The fields of immunophenotyping and critical illness-induced immune dysfunction are relatively new, and as such there are no established benchmarks or levels for defining ‘normal’ and ‘abnormal’ measures. Although this study used development of infection to define cut-offs for immune dysfunction, further external validation of markers at these specific cut-offs is required. At present the assays need a high degree of machine standardization and further work is required to extend their usability to different flow cytometers or towards a near-patient test. The extension of the existing QuantiBRITE system (BD Biosciences, San Jose, CA) used for monocyte HLA-DR quantification to other fluorophores and other cell surface markers would be one potential solution to this issue.
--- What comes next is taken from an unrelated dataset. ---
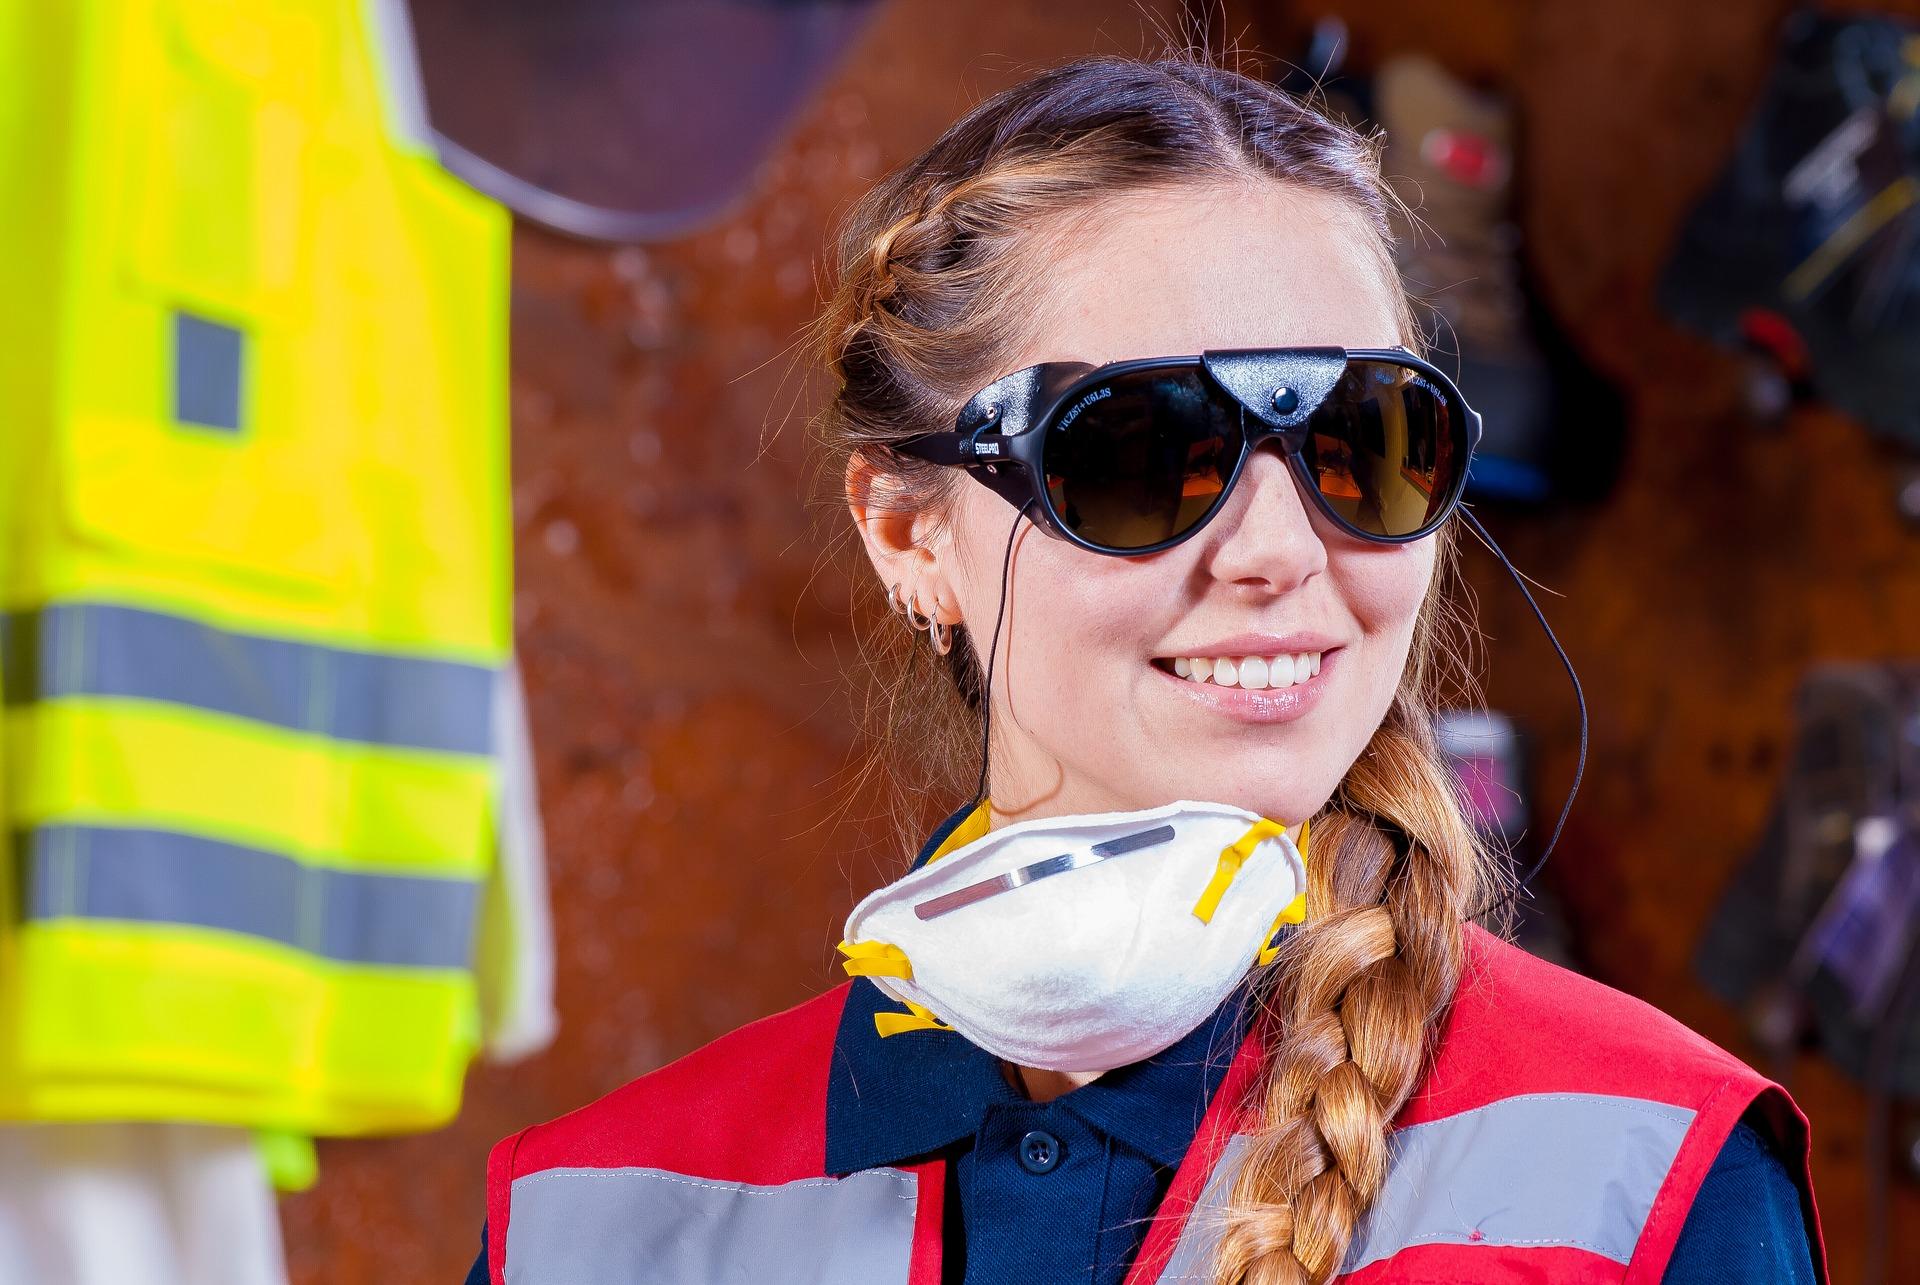 Higiene industrial, ¿por qué es fundamental para prevenir enfermedades del trabajo?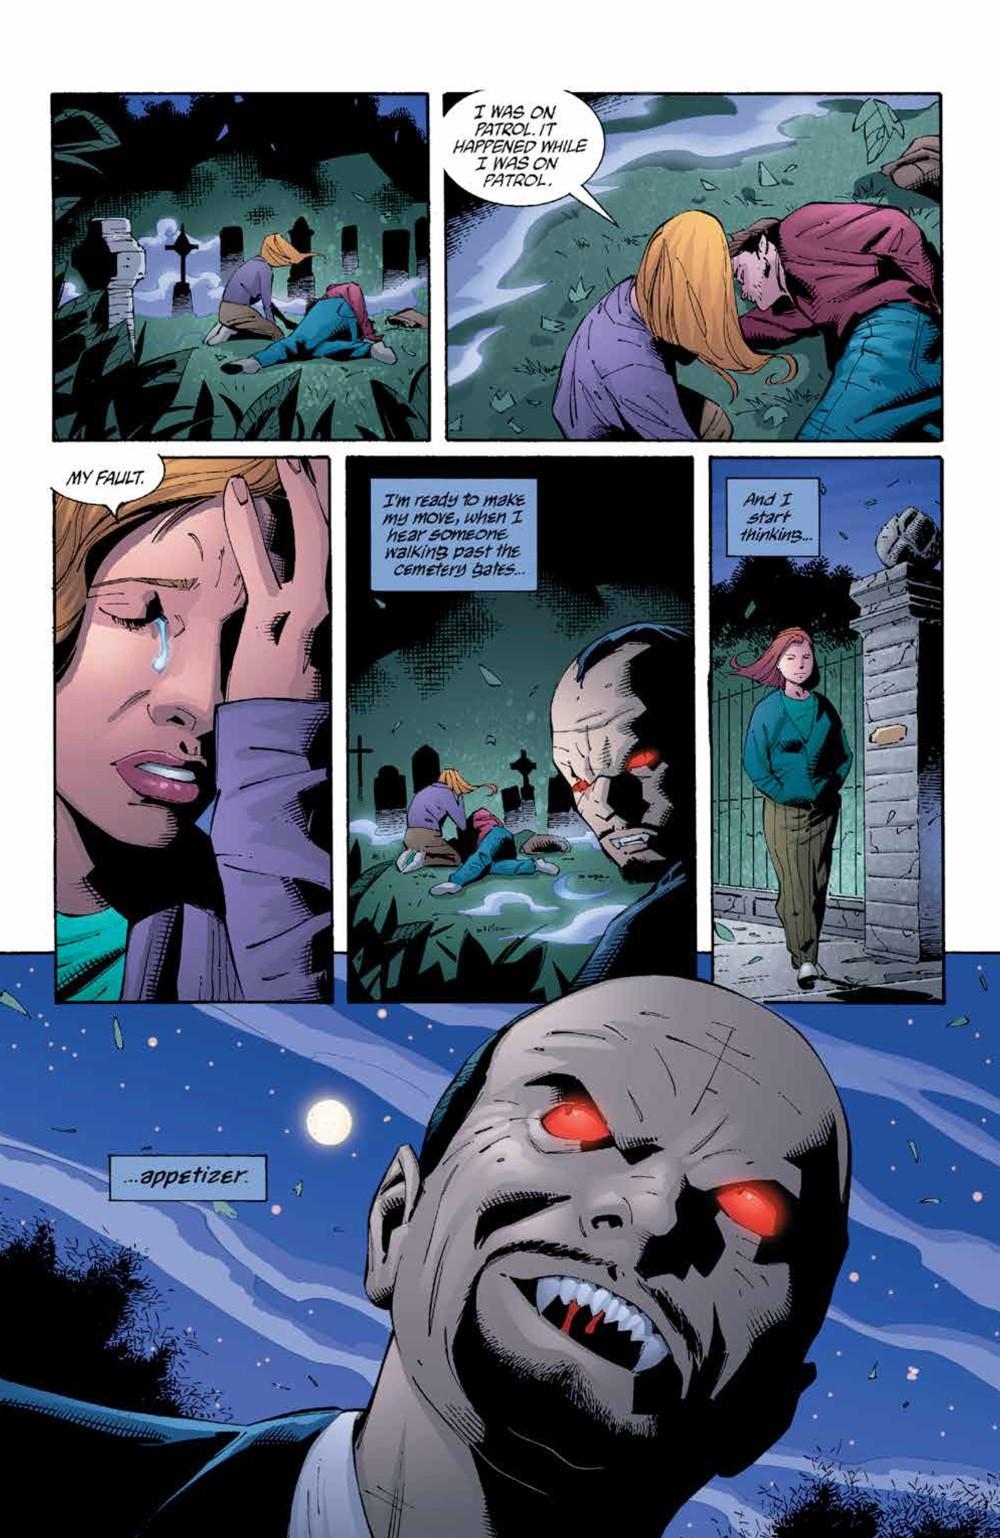 Buffy_Legacy_v5_SC_PRESS_22 ComicList Previews: BUFFY VAMPIRE SLAYER LEGACY EDITION VOLUME 5 TP

Whilst the tests presented have relatively modest performance against typical ‘diagnostic’ tests, they are not designed to diagnose secondary infection, but rather to stratify the risk of developing secondary infection. As such the markers show comparable performance to risk markers used in other acute illnesses, such as predictors of mortality in acute exacerbations of chronic obstructive pulmonary disease [29] or major cardiac events in unstable angina [30]. Monocyte HLA-DR is in current use for risk stratification in clinical trials (NCT02361528), and we demonstrate in this study that its predictive ability is significantly enhanced by the addition of the two additional markers. As we demonstrate in modelling potential use (Tables S13, 14), the use of these markers could substantially alter the conduct of trials of immunomodulatory therapies, thus increasing the likelihood of successful trials and potentially increasing the cost-effectiveness of such novel therapies.

In conclusion, our study confirms our previous findings of the ability of neutrophil CD88, monocyte HLA-DR and the percentage of Tregs to predict secondary infection in patients requiring intensive care and organ support, and provides novel data on the time course of dysfunction and clinical relevance of the optimum timing of sampling in predicting risk of infection. The combination of markers allows for a more nuanced assessment of infection risk, with important implications for developing stratified medicine tools to support future immunomodulatory therapies amongst this group of patients.